リチャード・トラムカ氏。
Mike Segar/Reuters
アメリカ経済界の「トランプ離れ」が加速している。
AFL-CIO(アメリカ労働総同盟・産業別組合会議)の会長、リチャード・トラムカ(Richard Trumka)氏が、ドナルド・トランプ大統領の助言機関「製造業評議会」から辞任すると発表した。先週末、バージニア州シャーロッツビルで起きた白人至上主義などを掲げるグループとそれに反対するグループが衝突した事件への、トランプ大統領の対応に反発した。
AFL-CIOはアメリカ最大の労組連合で、組合員は1200万人を超える。
「偏狭な考えや国内テロリズムを容認するような大統領のための評議会に残ることはできない」トラムカ氏は15日(現地時間)に発表した声明文の中で述べた。「トランプ大統領の今日の発言は、彼が昨日(14日)、KKKやネオナチについて言わされたコメントを否定するものだ。我々はこうした偏狭な考えを持つグループにいかなる正統性も認めないアメリカの労働者の代表として、辞任しなければならない」
8月12日に起きたシャーロッツビルの事件をめぐっては、白人至上主義者やネオナチを名指しで非難しなかったことで、トランプ大統領は批判にさらされていた。その高まりを受け、8月14日には新たなコメントを発表、こうしたグループを非難したが、15日の記者会見では、「オルトレフト」と大統領自ら名付けた、集会に抗議していた人たちにも責任の一端があると発言した。
シャーロッツビルの一件を受けて評議会を去ったのは、トラムカ氏で5人目だ。製薬大手メルクのCEOケネス・ フレイジャー(Kenneth Frazier)氏、スポーツ衣料品大手アンダーアーマーのCEOケビン・プランク(Kevin Plank)氏、 半導体大手インテルのCEOブライアン・クルザニッチ(Brian Krzanich)氏、アメリカ製造業同盟(AAM)の会長スコット・ポール(Scott Paul)氏がすでに辞任を表明している。
トラムカ氏とAFL-CIOは14日、評議会への関与のあり方を「今一度検討する」と話していた。数カ月前にAFL-CIOを退職した元幹部Thea Lee氏も評議会を辞める。
トラムカ氏の声明文(全文):
偏狭な考えや国内テロリズムを容認するような大統領のための評議会に残ることはできない。トランプ大統領の今日の発言は、彼が昨日(14日)、KKKやネオナチについて言わされたコメントを否定するものだ。我々はこうした偏狭な考えを持つグループにいかなる正統性も認めないアメリカの労働者の代表として、辞任しなければならない。

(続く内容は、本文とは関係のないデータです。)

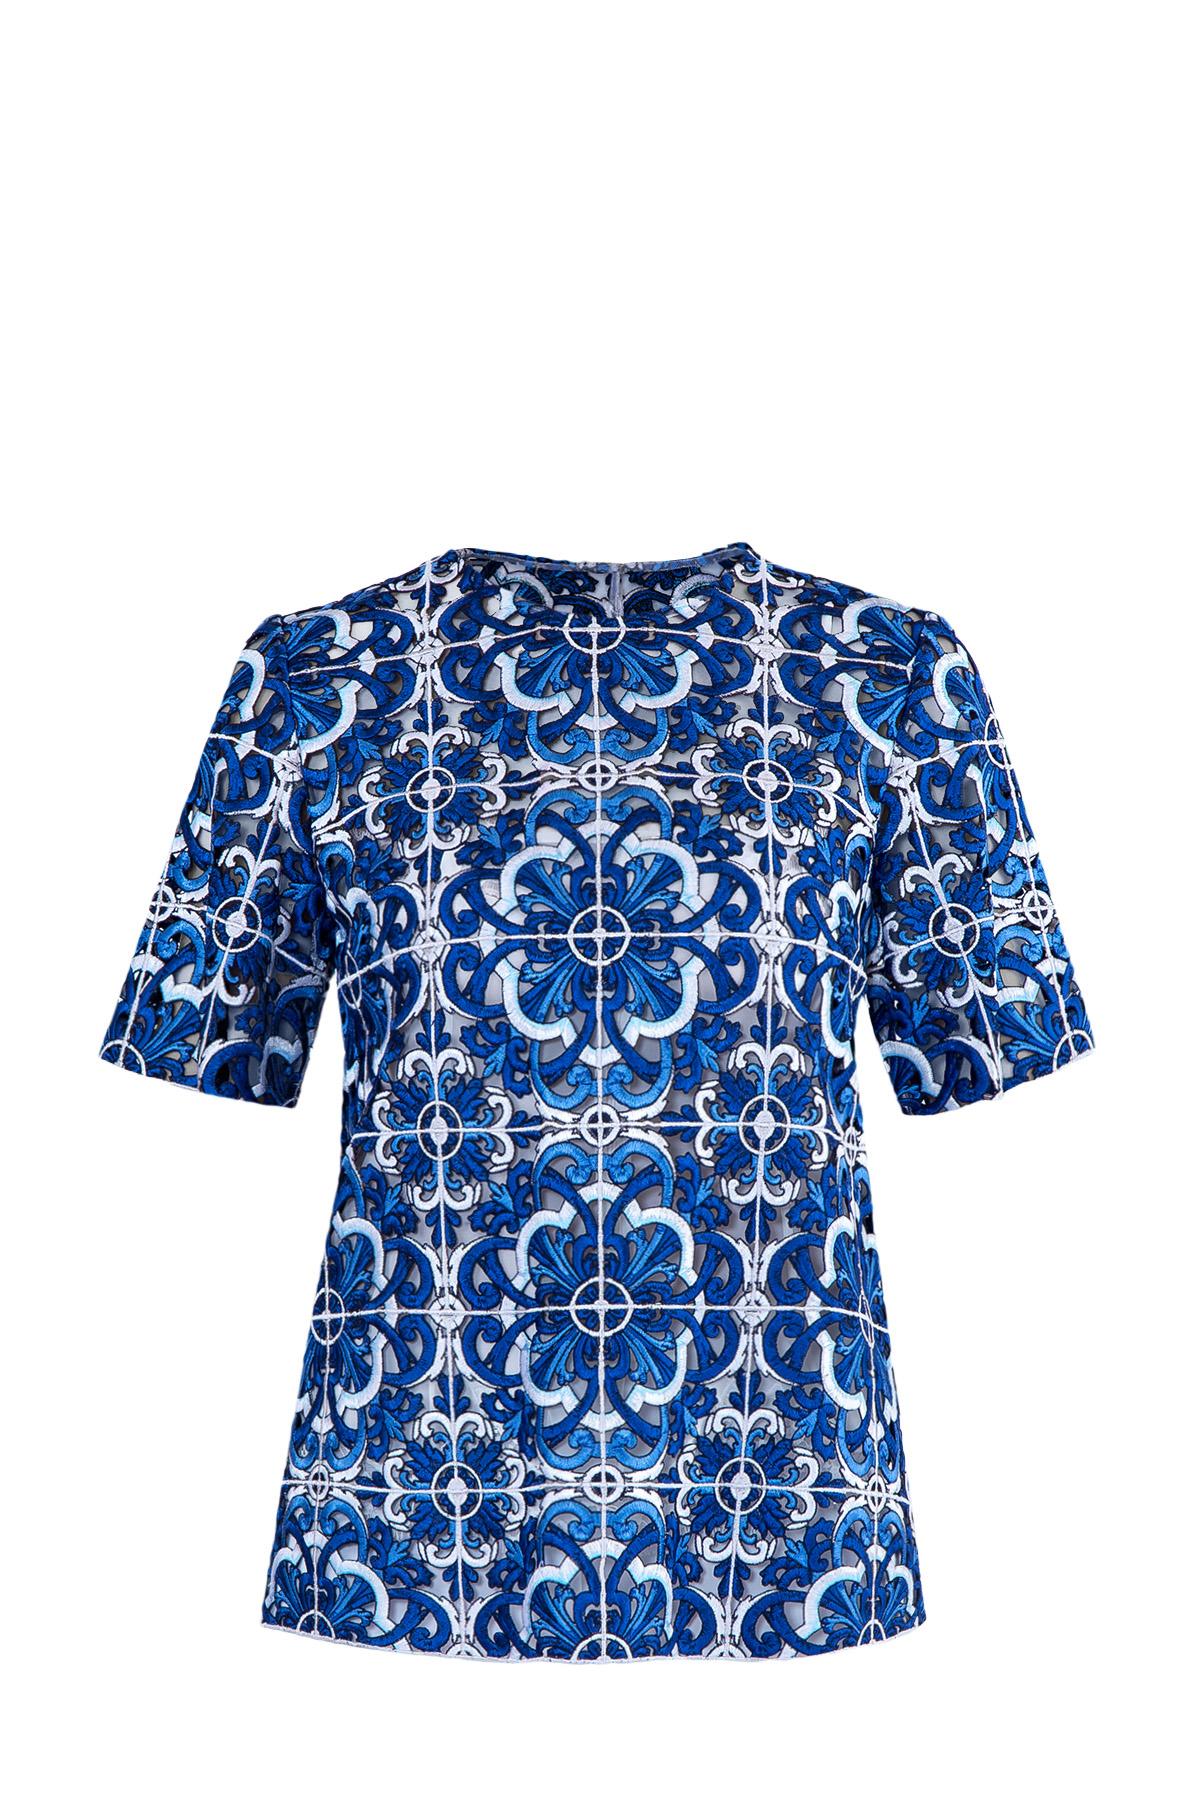 блузкаБлузки, рубашки<br><br>Материал: вискоза 88% ,  полиэстер 12% ,  шелк 76% ,  хлопок 16% ,  полиамид 4% ,  эластан 4%;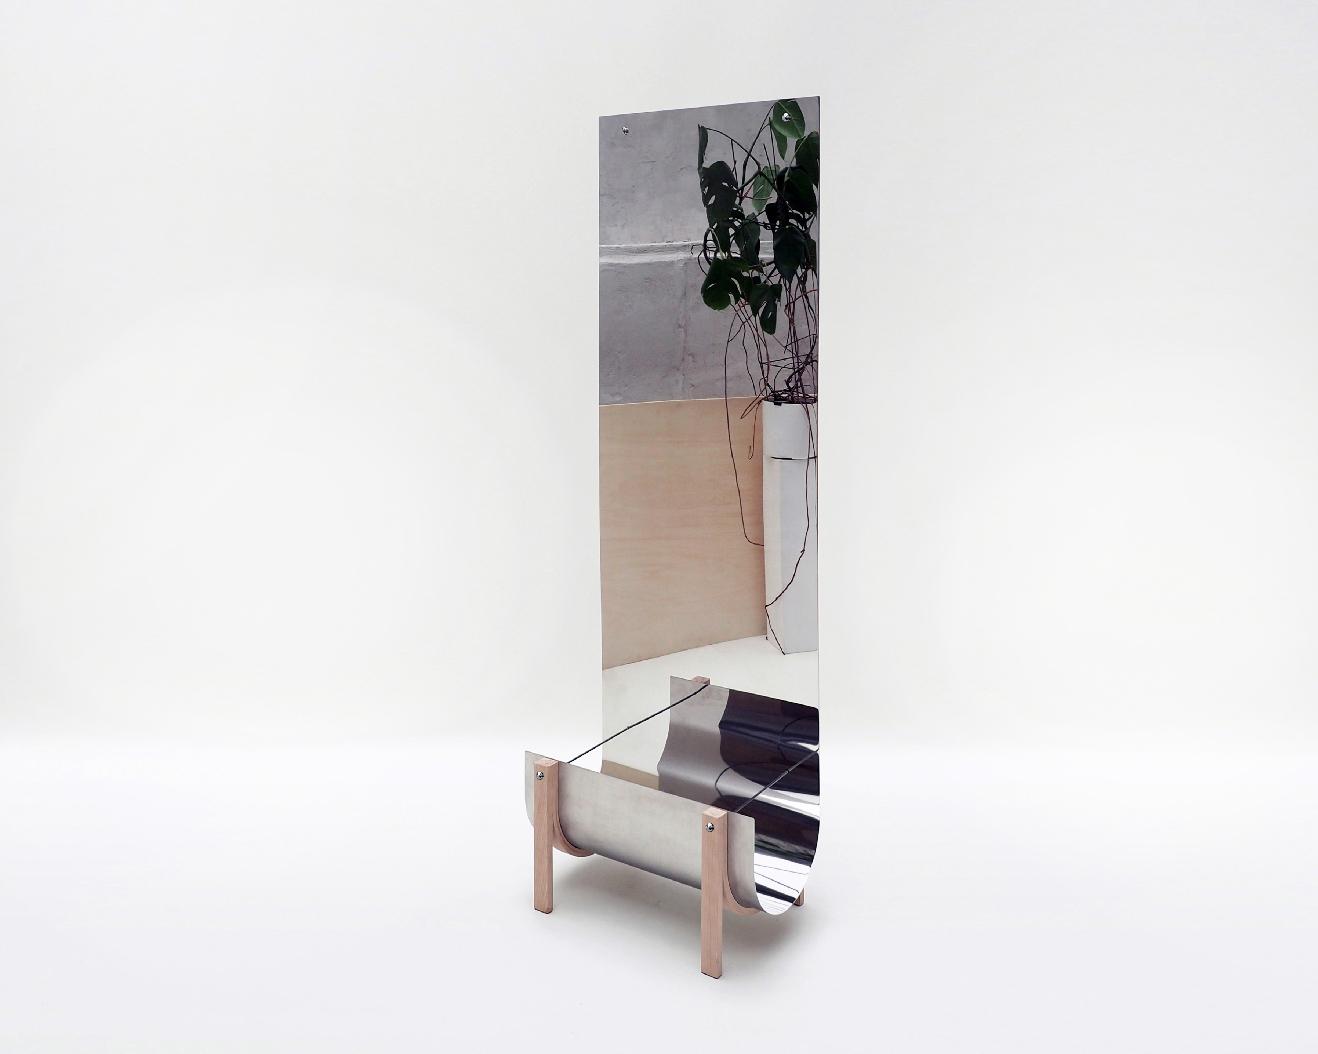 Miroir-GM-Frederic-Saulou-Design-1

トランプ大統領の製造業評議会が、労働者とその家族の生活を向上させるために効果的な本物の政策を打ち出すにふさわしい存在でないことは明らかだ。彼の今日のコメントが決定打となった。我々は、労働者の声となって、ポジティブな経済政策を実現する希望となるためにこの評議会に参加したが、これも大統領が結んだ果たされない約束の1つになってしまった。劣悪な政策に対し何もできない評議会、そして偏狭な考えを擁護する姿勢。この政権の行動は、常に労働者を失望させ続けている。